SPARQLing Protégé-OWL Jena integration

The Jena ARQ SPARQL engine has been very rapidly integrated into Protégé. Nice work from Holger Knublauch, and from Andy Seaborne who explained how Protégé’s native RDF Java structures could manifest themselves via Jena interfaces so that the ARP query engine could work against Protégé data. He also gave a handy overview of the ARP architecture, describing where it has dependencies on Jena, and how it could be attached to other RDF Java libraries instead.

The most amazing thing was how fast it all happened. As a protege-owl lurker, I had been following some discussions on RDF “named graphs”, and jumped in to suggest they take a look at SPARQL’s ability to query against such things.

From my original post

I’d also encourage you to take a look at the SPARQL work on RDF querying, if you haven’t already.

…to Holger’s “This is working indeed!” in less than a day.
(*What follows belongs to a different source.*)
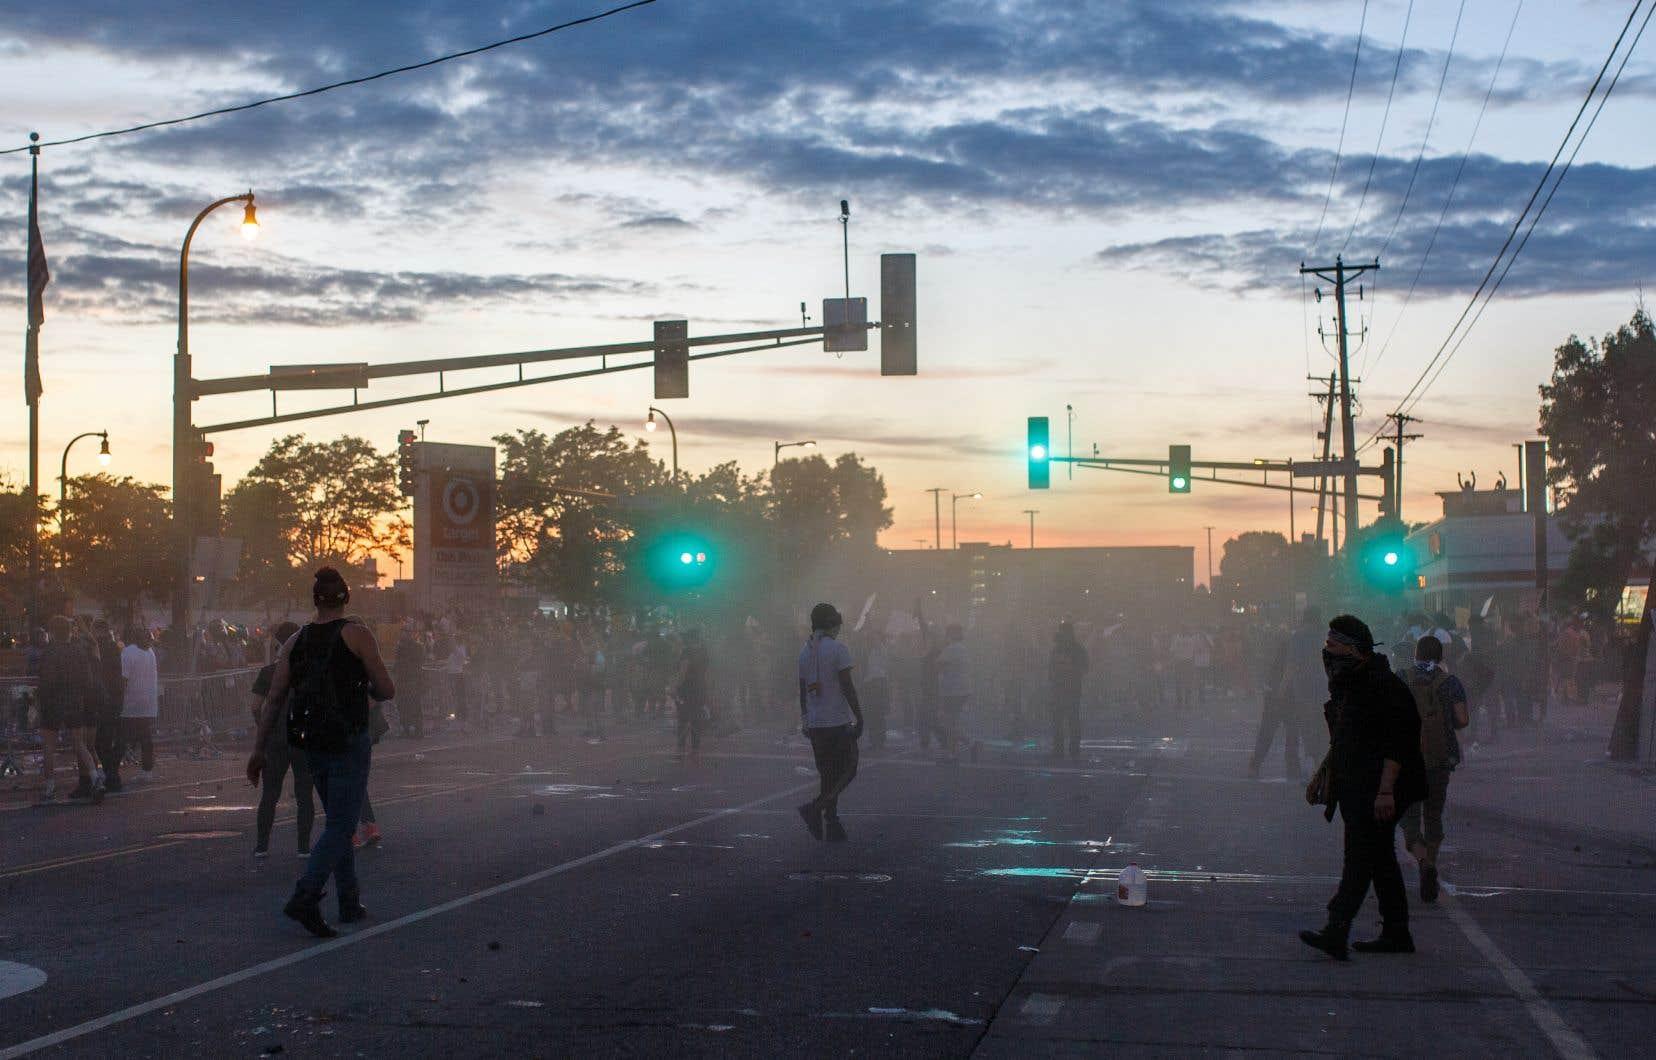 <p>Alors qu'incendies et pillages se poursuivaient dans la nuit près du commissariat, un homme est décédé après avoir été touché par balle à proximité des manifestations.</p>

Holger summarises:

We now have an implementation that wraps a live Protege OWL triple store as a Jena Graph (and Model). This means that arbitrary Jena query services can be executed within Protege.

The relevant call is

OWLModel owlModel = ...; // Protege model
Model model = JenaModelFactory.createModel(owlModel); // Jena model

I also added a quick-and-dirty SPARQL query tab to Protege (see screenshot). This is extremely primitive yet, but hopefully useful on the long run. All this is on CVS and part of the next beta.

Here’s a thumbnail of the screenshot, linking to the full image:
Protégé screenshot showing a SPARQL query and a tabular resultset

I don’t see Andy’s explanation in the list archives, but it is quoted in full in Holger’s post, and is worth reading for those with an interest in Jena and ARQ.

There’s now a Jena Integration of Protege-OWL page explaining the details, and providing a diagram illustrating the integration architecture.

Jena protege integration architecture

The key to this integration is the fact that both systems operate on a low-level “triple” representation of the model. Protege has its native frame store mechanism, which has been wrapped in Protege-OWL with the TripleStore classes. In the Jena world, the corresponding interfaces are called Graph and Model. The Protege TripleStore has been wrapped into a Jena Graph, so that any read access from the Jena API in fact operates on the Protege triples. In order to modify these triples, the conventional Protege-OWL API must be used. However, this mechanisms allows to use Jena methods for querying while the ontology is edited inside Protege.

The details can be explored in CVS, for example see the new SPARQLQueryResults class.